Uit het medisch dossier blijkt niet dat er sprake is van een (vastgelegd) beleid omtrent de behandeling van de bij klager vastgestelde aandoening hepatitis C. Een overeengekomen en vastgelegd beleid is bij een dergelijke ziekte gewenst. Ook blijkt uit
het medisch dossier onvoldoende van klagers medische historie, terwijl zulks noodzakelijk is bij de beoordeling en/of behandeling van klager (medische) klachten. De beroepscommissie stelt voorts vast dat een door de inrichtingsarts voor klager gegeven
verwijzing naar een internist, zonder deugdelijke motivering door de inrichtingsarts is ingetrokken. De beroepscommissie is voorts van oordeel dat het op zijn minst genomen wenselijk was geweest dat de inrichtingsarts, gelet op de chronische klachten
van klager en de vastgestelde aanwezigheid van hepatitis C, tot het instellen van nader medisch onderzoek had besloten.

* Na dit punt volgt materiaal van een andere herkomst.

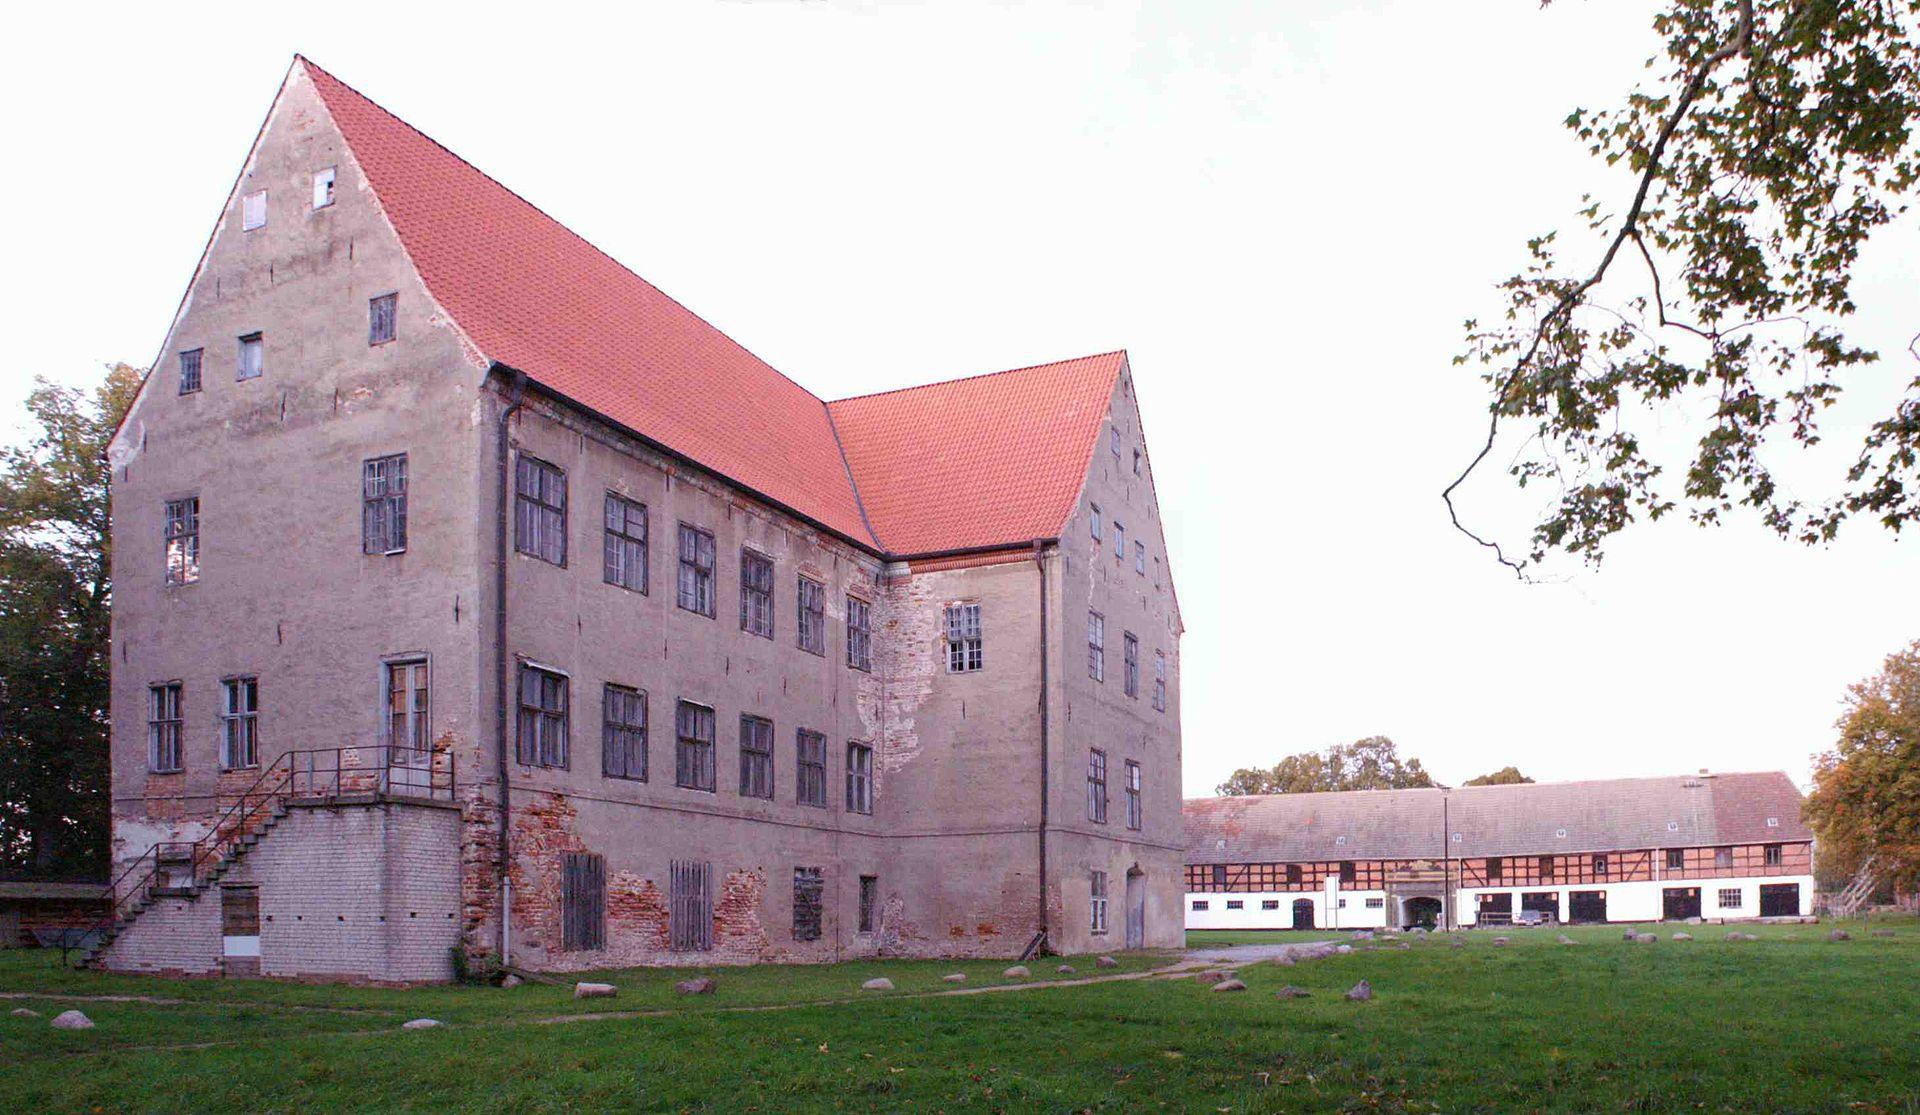 Bild Schloss Ludwigsburg

Het voorgaande in onderling verband en samenhang bezien, maakt dat het onderhavige handelen van de inrichtingsarts moet worden aangemerkt als in strijd met de in artikel 28 Pm neergelegde norm.
De beroepscommissie is van oordeel dat de enkele gegrondverklaring voldoende genoegdoening is voor klager en dat er, nu van enige schade voor zijn gezondheid niet is gebleken, geen termen zijn voor de vaststelling van een financiële tegemoetkoming.
4. De uitspraak
De beroepscommissie verklaart het beroep gegrond.
Zij bepaalt dat een klager geen tegemoetkoming toekomt.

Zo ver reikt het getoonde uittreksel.